八尋さん 大切なのは、お互いのタイプを理解してリスペクトすることです。COO型からCEO型を見たとき「またあんな大きな話をして」と批判的に見るより「類い稀な発想をする面白い人なんだな」と捉える。逆にCEO型からCOO型を見たときは「いつも細かいことを言われる」と思うのではなく「実現可能な工程に落とし込んでくれる」と捉える。チームの中で相手の役割分担が理解できると、そのプロジェクトはスムーズに進みます。

ハブチンさん 今はCEO型の人が持てはやされて、スポットライトが当たることも多いですよね。でもCOO型にも大切な役割がある。

自分は、上司や部下とミルフィーユになっているか

八尋さん 組織やメンバーの方針によって、成長には2通りあると思うんです。1つは、COO型の延長でも地道に進めた先に大きく伸びるもの。いわゆる「改善」の延長に「改革」があったケースで、多くの企業が実践し実績もあります。もう1つは、CEO型が外からいろんな刺激を受けて、新しいモデルを見つけるもの。CEO型とCOO型、どちらも主導になり得ます。

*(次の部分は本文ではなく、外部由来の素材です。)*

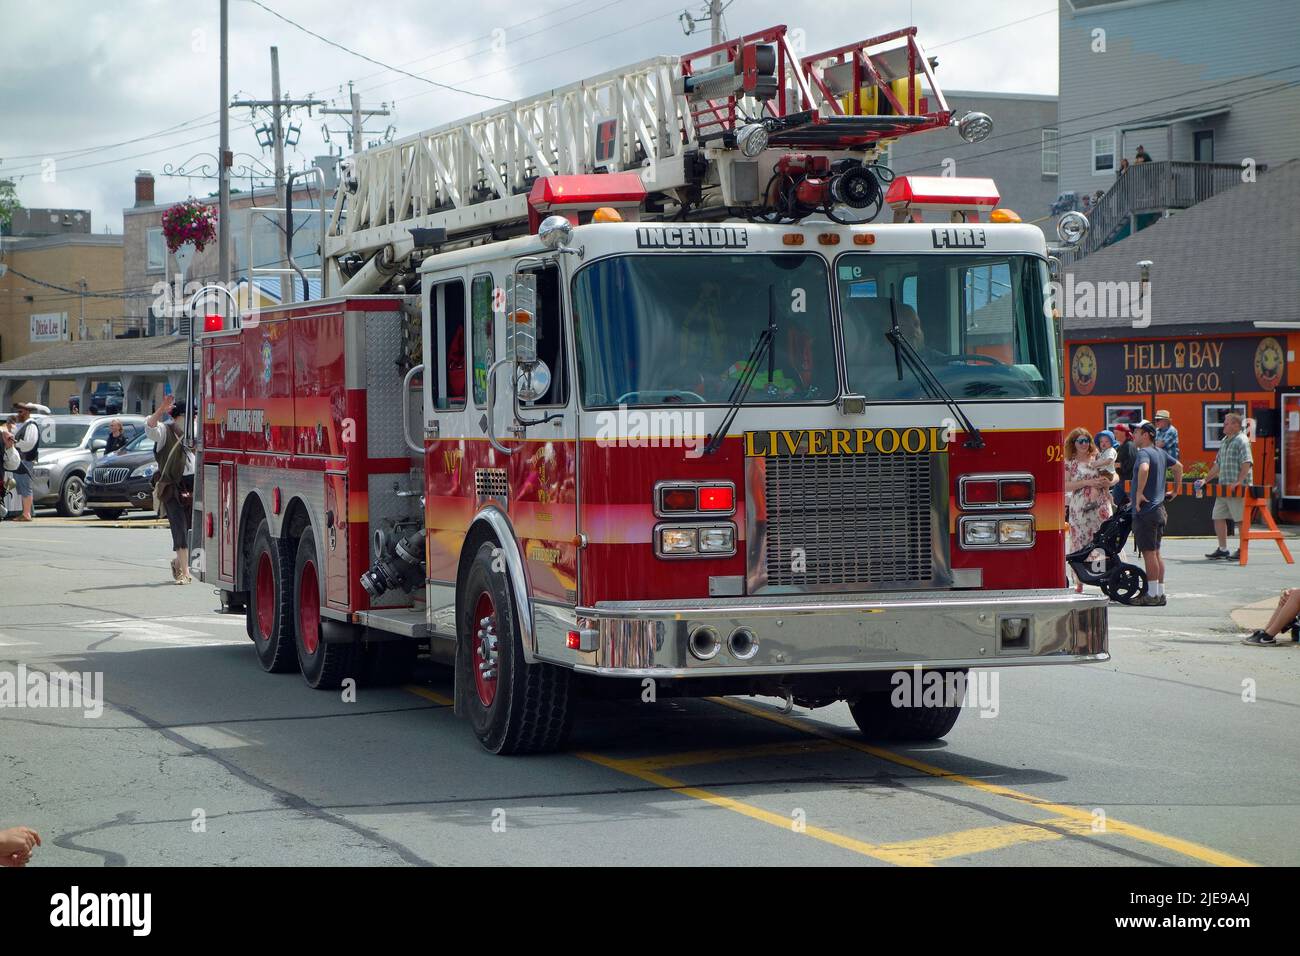 Fire ladder truck, Liverpool, Nova Scotia, Canada Stock Photo

私たちも両方の可能性を模索しながら新規事業の種をまいているところです。

ハブチンさん 自分がどちらのタイプか知るのは大切そうですね。

八尋さん そうですね。「こういうタイプと組まないと進まない」というのは、理解すると仕事がはかどるでしょうね。組織長や社長の立場にある人は、意識しているかどうかわかりませんが自分と反対のタイプを側に置いていると思いますよ。CEO型の人は部下にCOO型の人をつけていたり、COO型の人はCEO型の人と組んでいたり。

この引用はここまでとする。